◆ Assignment ◆
The records below are to be returned exactly as written, minus their pictures.

---------- Data ----------

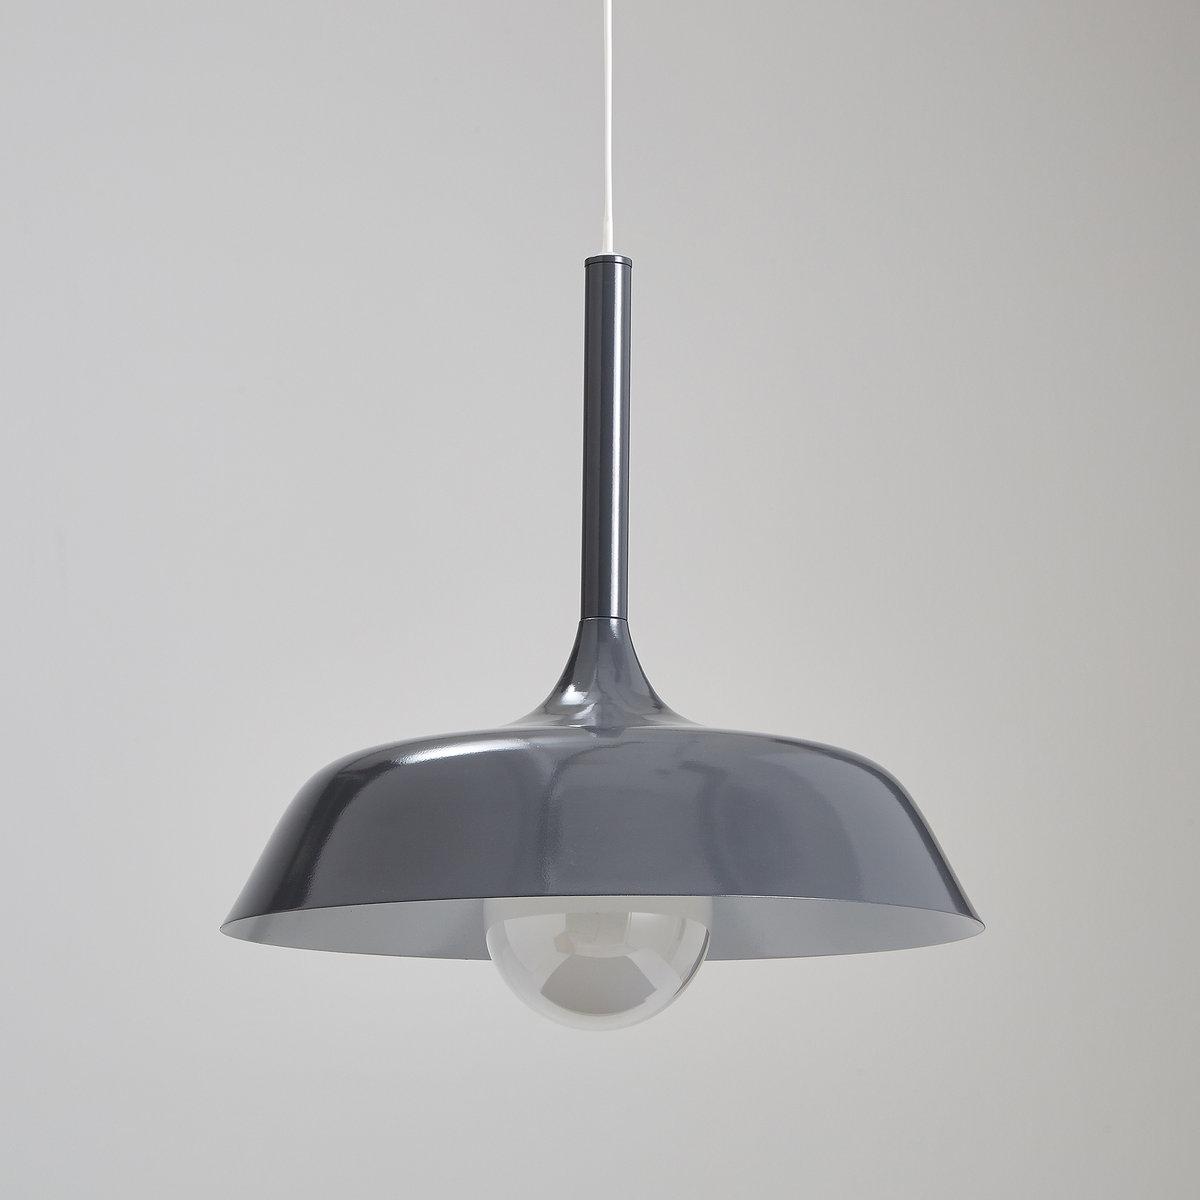 Светильник из металла, Miaka от La Redoute
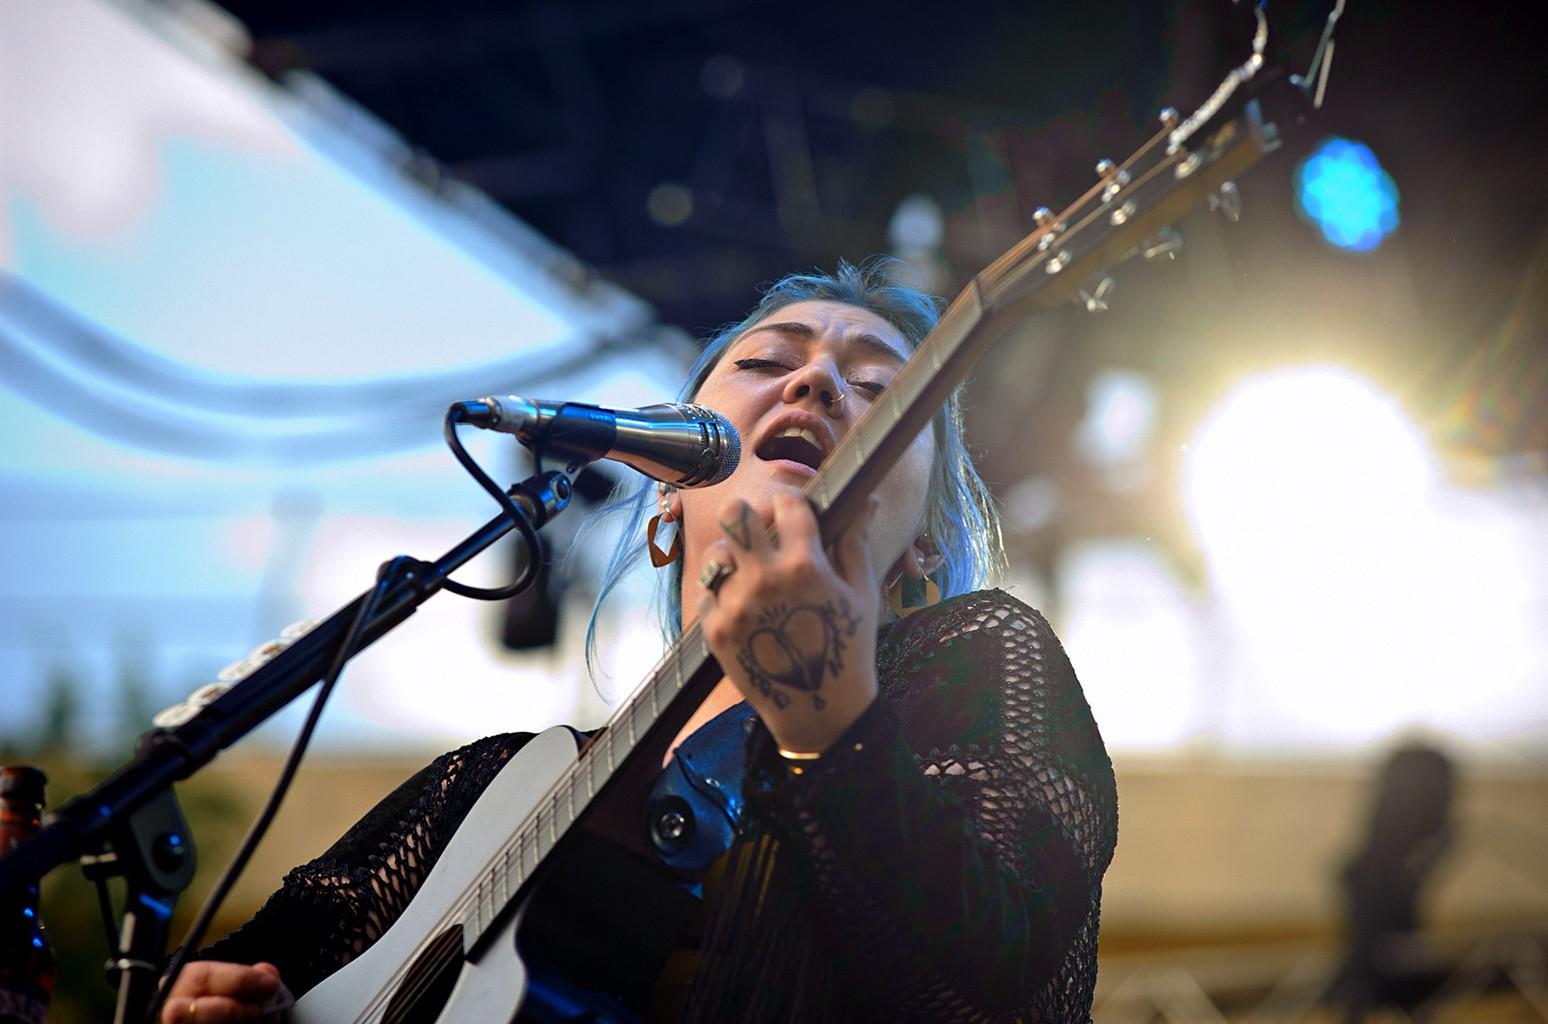 Elle King performs at the 2016 Bunbury festival
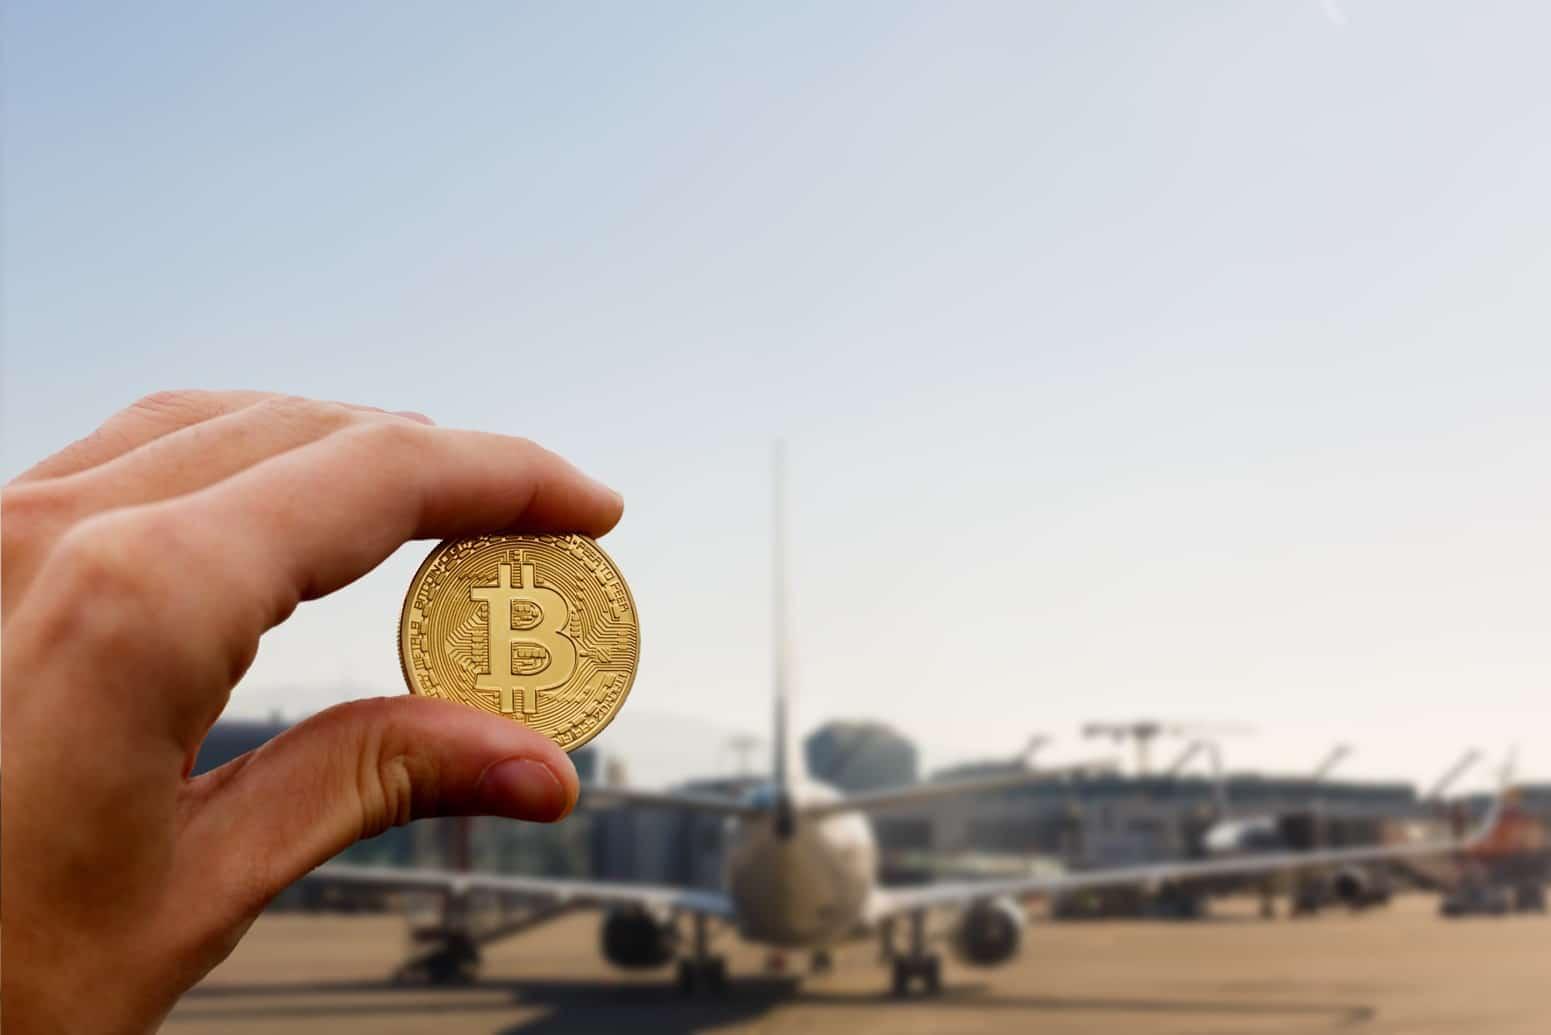 travelbybit-australia-criptomonedas-vuelos
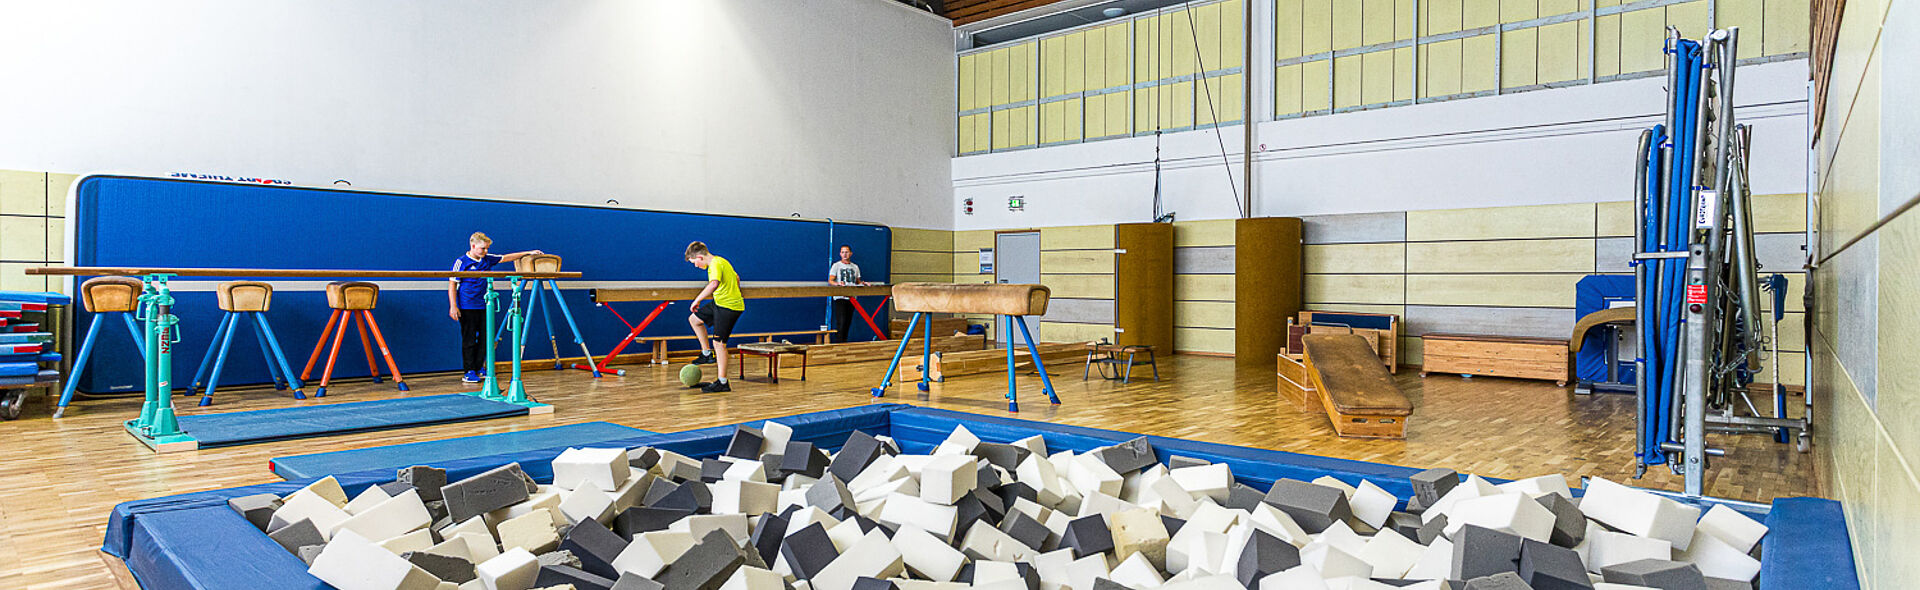 Bundesstützpunkt Oberwiesenthal Trainingszentrum Athletikhalle
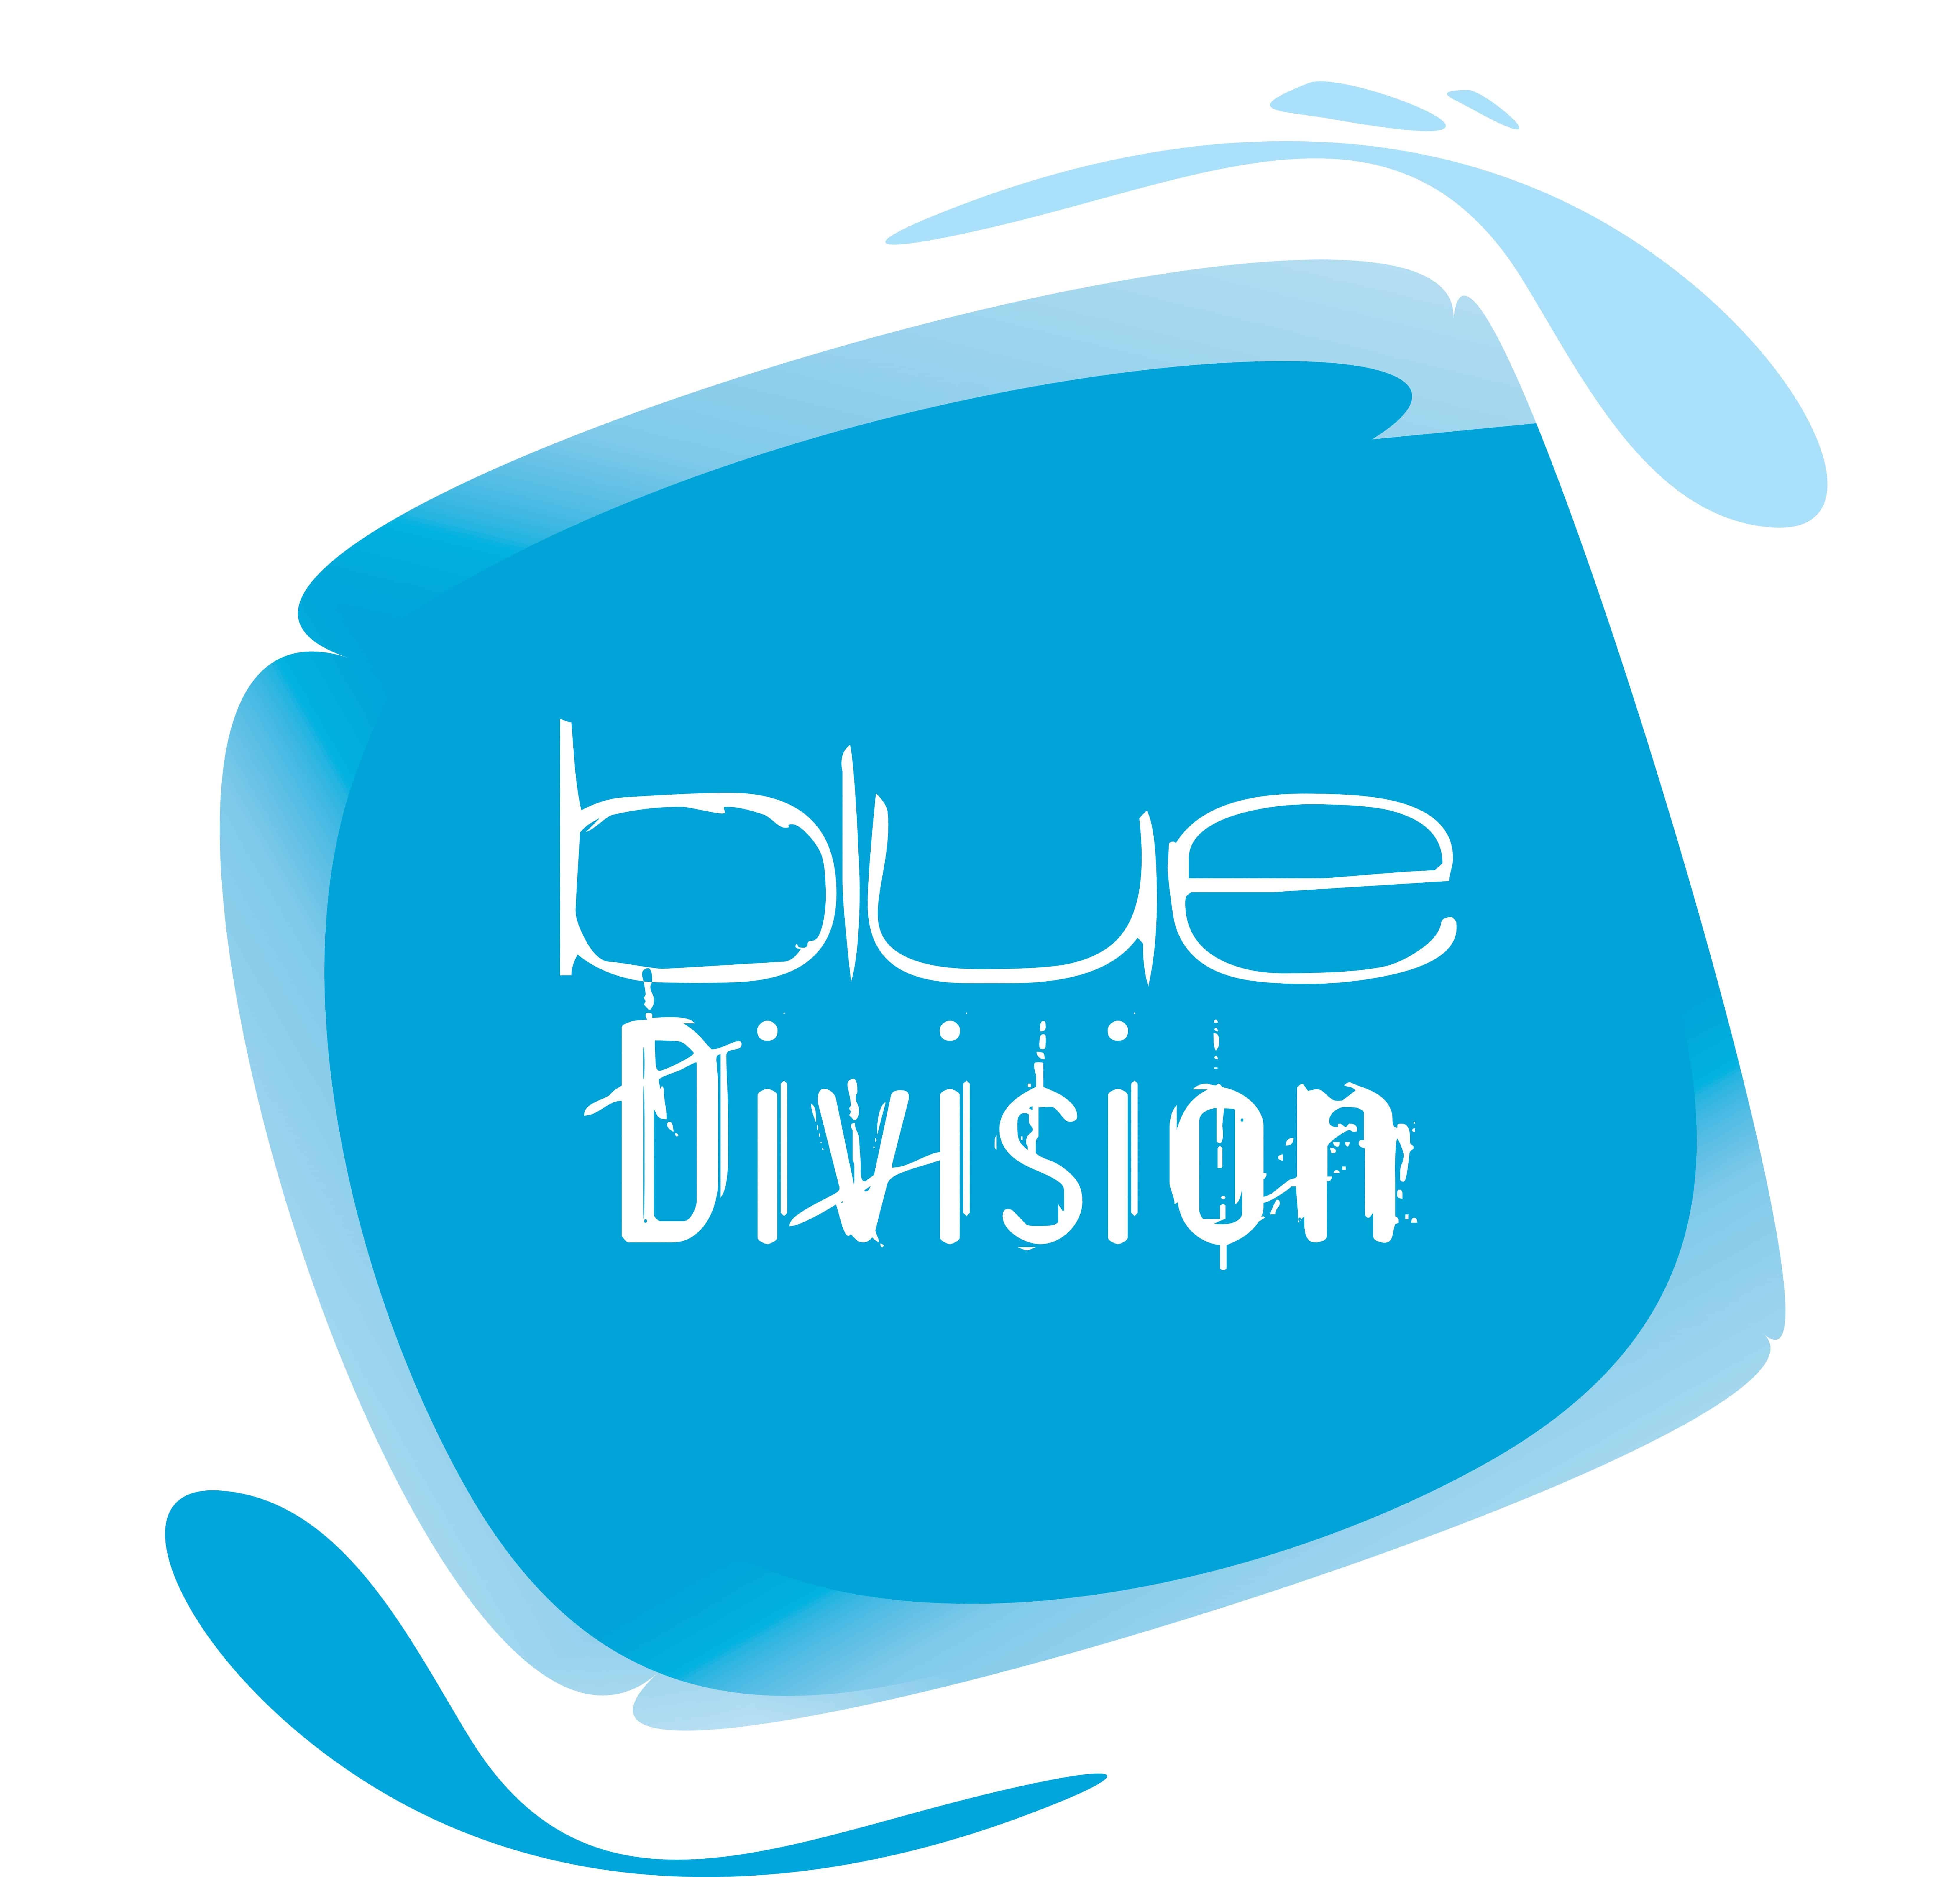 Blue Division

----------

◆ Written answer ◆
 Светильник из металла, Miaka от La Redoute
 Elle King performs at the 2016 Bunbury festival
 travelbybit-australia-criptomonedas-vuelos
 Bundesstützpunkt Oberwiesenthal Trainingszentrum Athletikhalle
 Blue Division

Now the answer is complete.